A tonic note is one that represents the key of your song. For example, the tonic note of G major is G. Starting a verse melody on a non-tonic note like this is very common in most popular music genres, and starting on the 5th note of the key is a particular favourite of Cohen: “Hallelujah” (G in the key of C major); “Closing Time” (D in the key of G major); “Take This Waltz” (F# in the key of B major); and countless others.
The benefit to starting your verse on a note other than the tonic note is that it immediately generates momentum and musical energy. In music, you can define energy by its main quality: anything that provides an incentive to keep listening. A non-tonic note feels pleasantly unstable, making the listener feel that the solid, stable sound of the tonic note will eventually happen. The lack of a tonic note in the melody results in coercing listeners to want to wait for it.

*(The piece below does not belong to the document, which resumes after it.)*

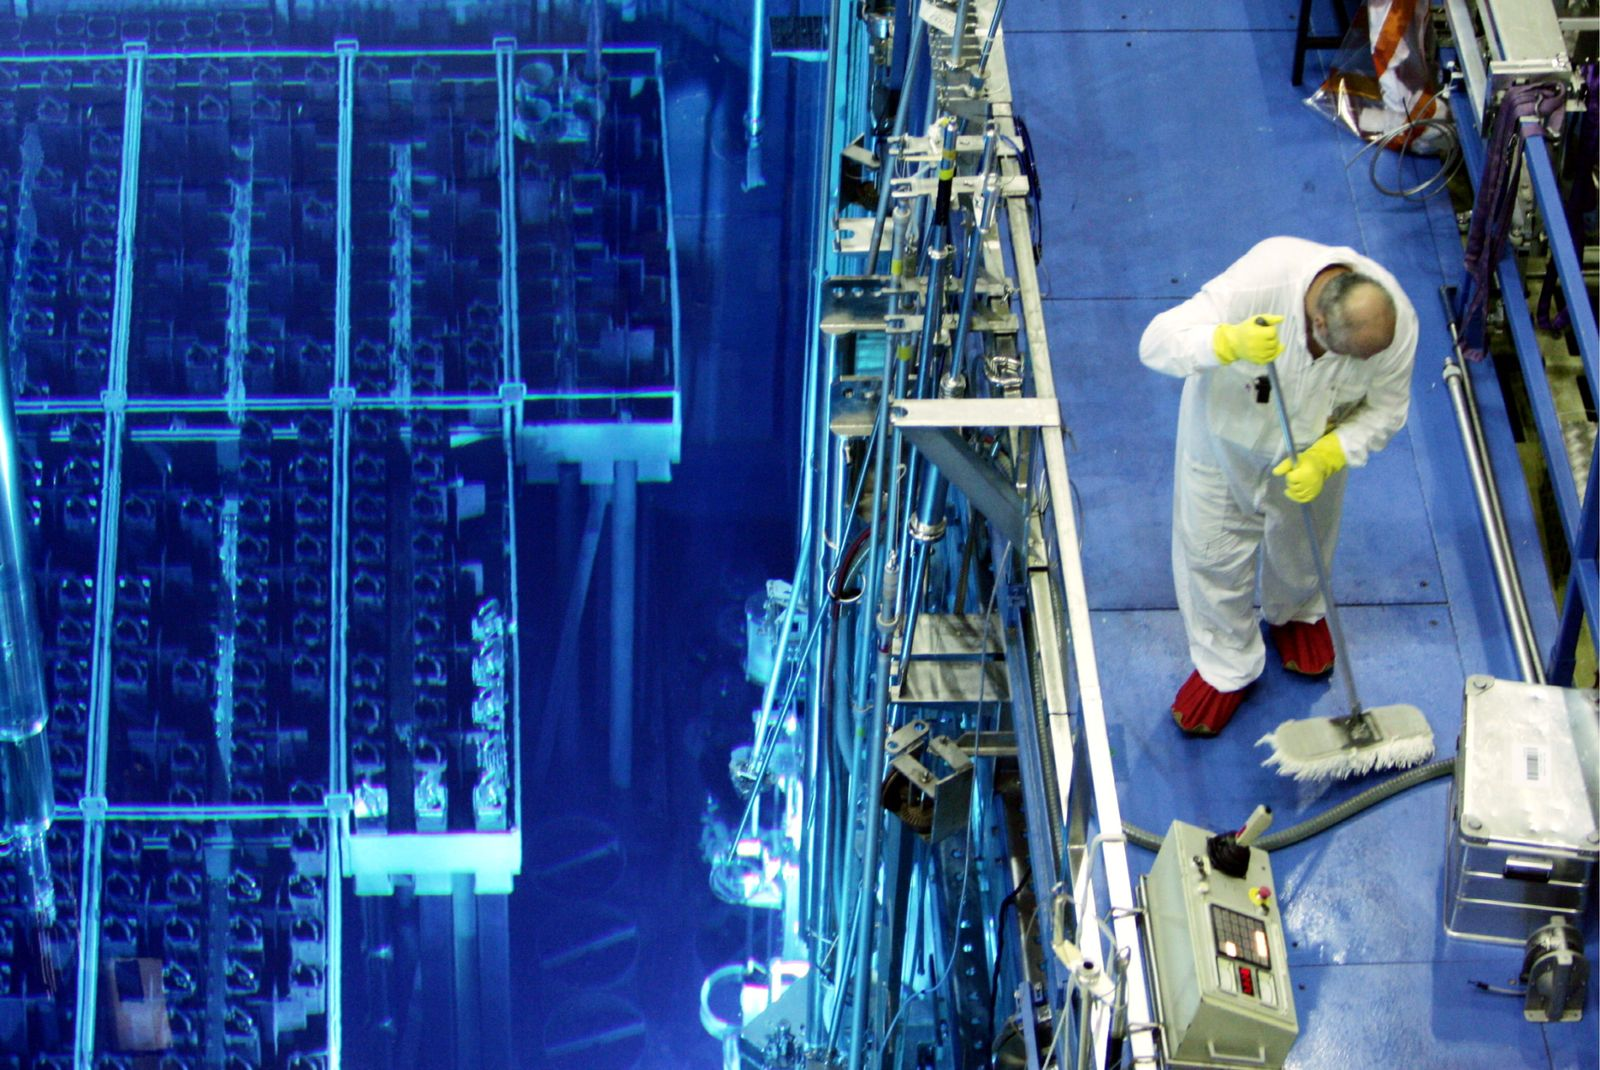 NICHT VERWENDEN Mitarbeiter AKW Atomkraftwerk Arbeiter

You’ll find that writing a verse melody that dwells on the dominant note often allows you the option of moving up or down from there with relative ease, and indeed Cohen’s music undulates tantalizingly first above and then below that starting note in most of his dominant note starts.
Other songwriters love the mesmerizing quality that comes from “sitting on the dominant.” Give Thad Kopec’s “You Will Know Who I Am” a listen, and you’ll hear the enticing quality of a melody that references the dominant note as an important source of musical energy.

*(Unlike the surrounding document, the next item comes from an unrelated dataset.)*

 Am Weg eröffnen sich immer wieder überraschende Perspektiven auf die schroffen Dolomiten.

And you can also hear the musical satisfaction that comes from hearing that verse melody eventually move down and cadence on the tonic note. It’s a gorgeous tune, and hope that we hear a lot more from Kopec in the future.
I’ve mentioned mainly verse melodies in this post, because it’s the verse that needs a good amount of momentum and enticement to keep audiences listening until the chorus. You’ll find that chorus melodies feature the tonic note a lot more, particularly toward the latter half of chorus melodies. The tonic note gives a kind of musical release that’s a common feature of choruses.
Offering too much tonic note in the verse can compromise musical energy. So in your verse melodies, look for ways of avoiding too much tonic note. You should find what you’re looking for by starting verses on either the 5th or 3rd note of your chosen key.